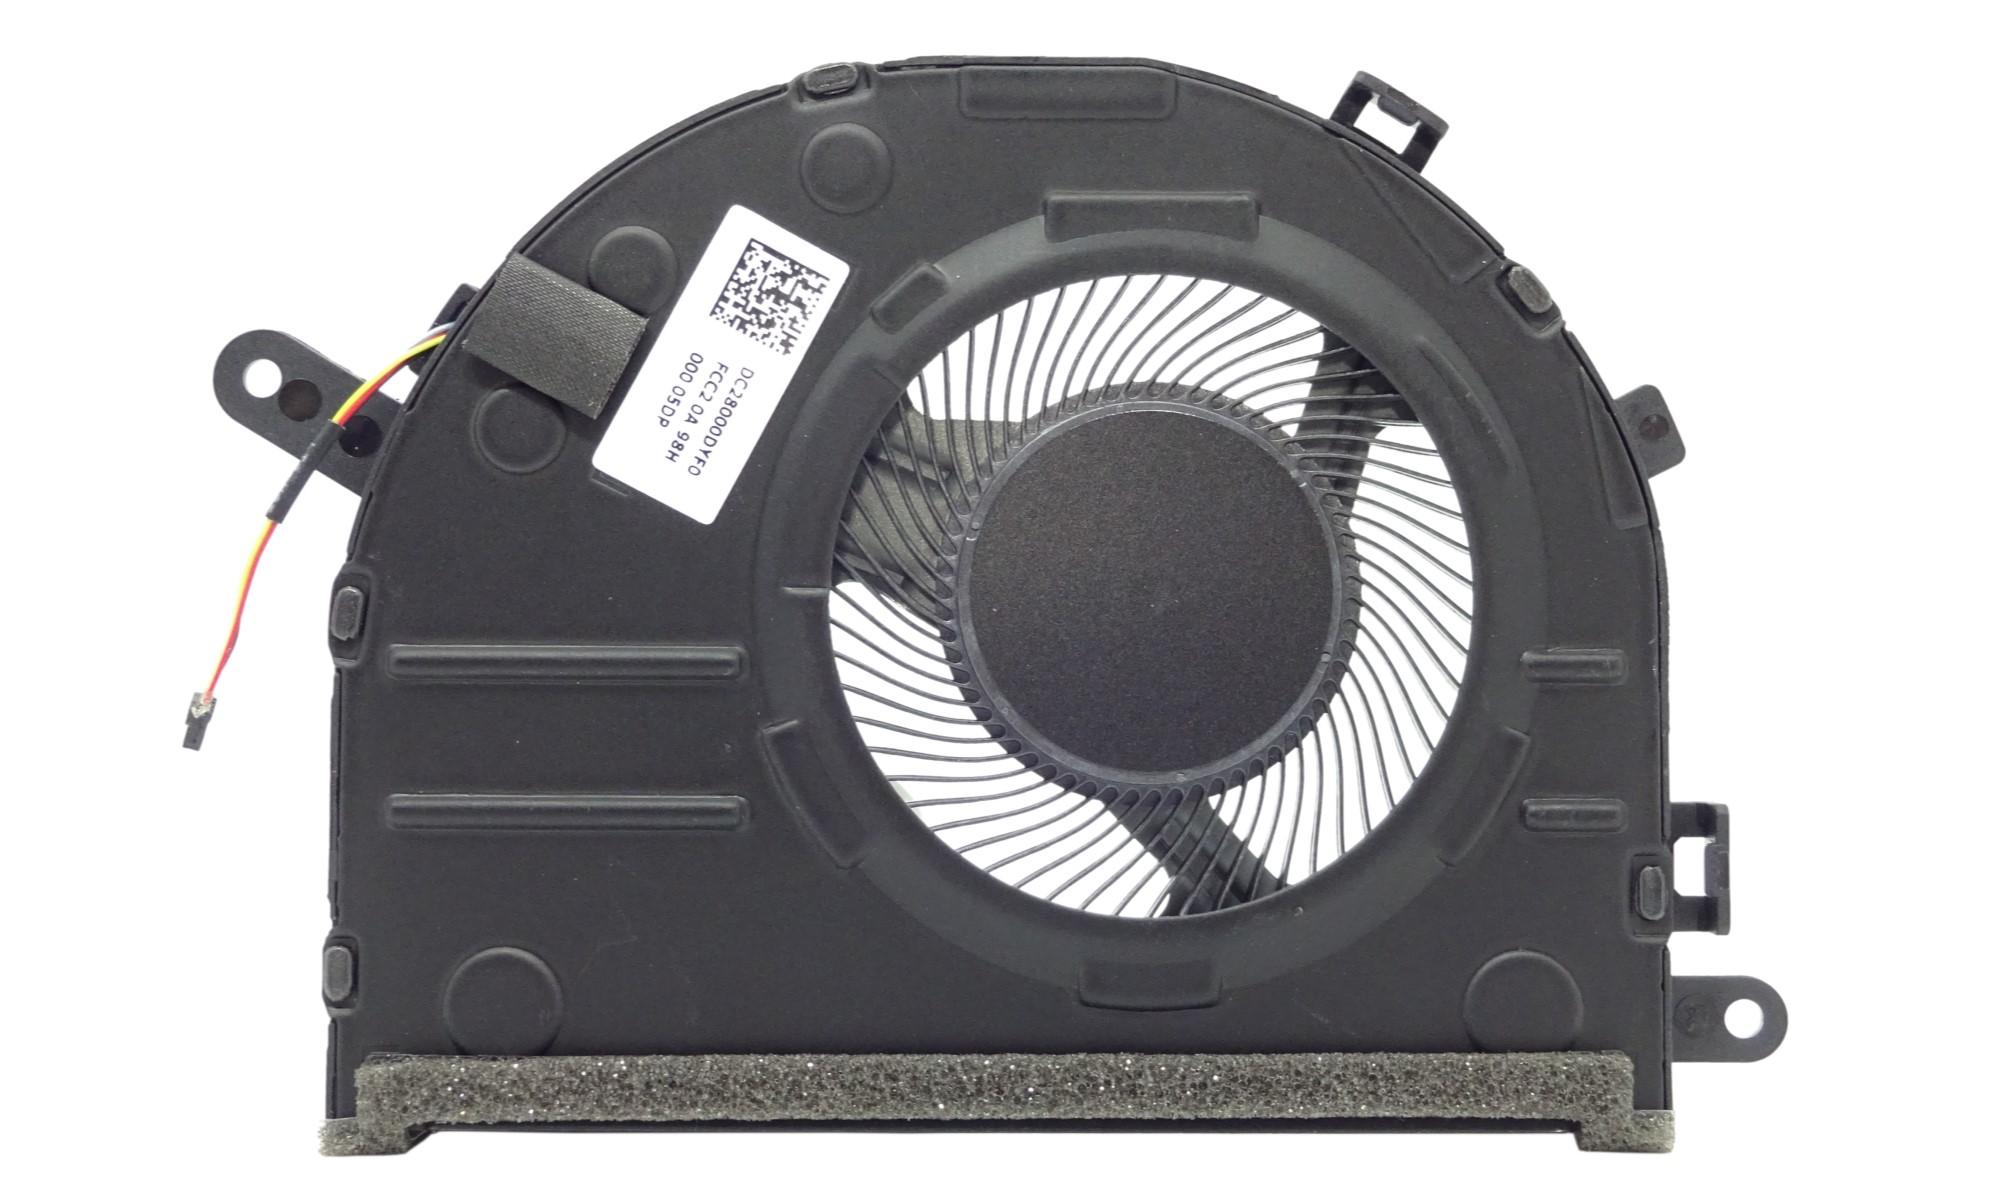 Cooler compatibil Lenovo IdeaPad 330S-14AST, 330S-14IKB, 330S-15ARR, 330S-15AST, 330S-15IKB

---

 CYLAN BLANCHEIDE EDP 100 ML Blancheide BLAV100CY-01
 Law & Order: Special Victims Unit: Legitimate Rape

--- What the task requires ---
The response should hold exactly the lines starting at the line with "CYLAN BLANCHEIDE EDP" and ending at the line with "Law & Order: Special", and no other line of the material above.

--- Written answer ---
 CYLAN BLANCHEIDE EDP 100 ML Blancheide BLAV100CY-01
 Law & Order: Special Victims Unit: Legitimate Rape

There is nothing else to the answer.